Listed records:
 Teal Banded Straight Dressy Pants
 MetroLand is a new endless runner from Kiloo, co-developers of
---
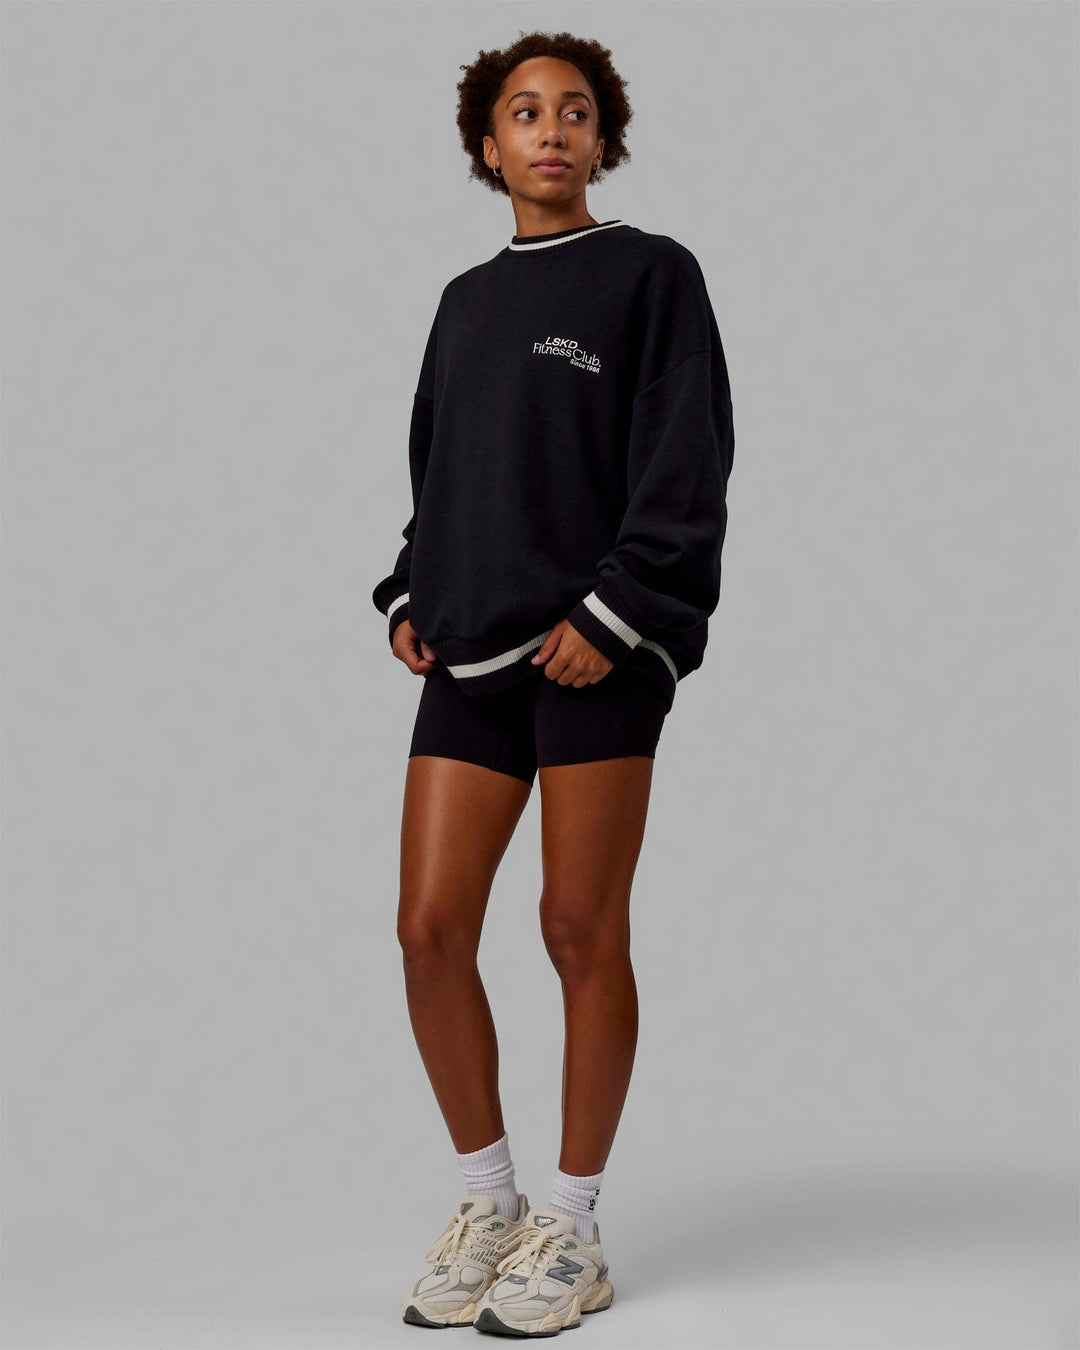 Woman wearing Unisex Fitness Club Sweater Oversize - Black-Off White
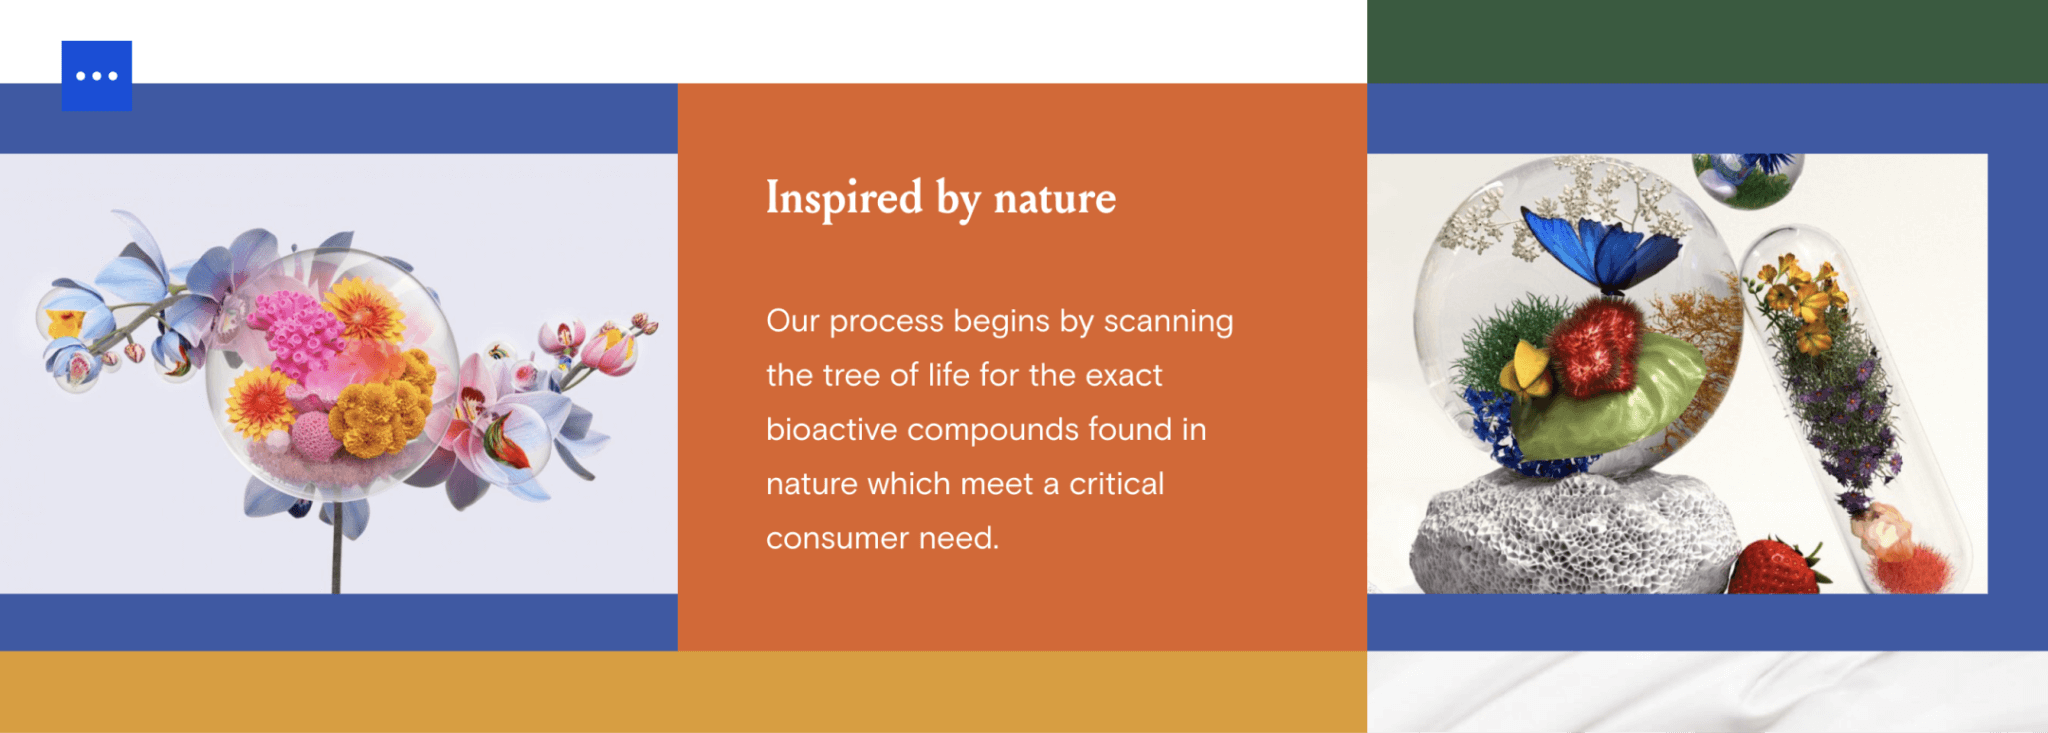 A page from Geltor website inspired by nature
==
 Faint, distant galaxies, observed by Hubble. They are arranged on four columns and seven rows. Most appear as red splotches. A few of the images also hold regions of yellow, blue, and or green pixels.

Requirement:
The lines to extract from the data above begin with the line containing "Teal Banded Straight Dressy Pants" and end with the line containing "MetroLand is a". Extract them exactly, including both.

Your solution:
 Teal Banded Straight Dressy Pants
 MetroLand is a new endless runner from Kiloo, co-developers of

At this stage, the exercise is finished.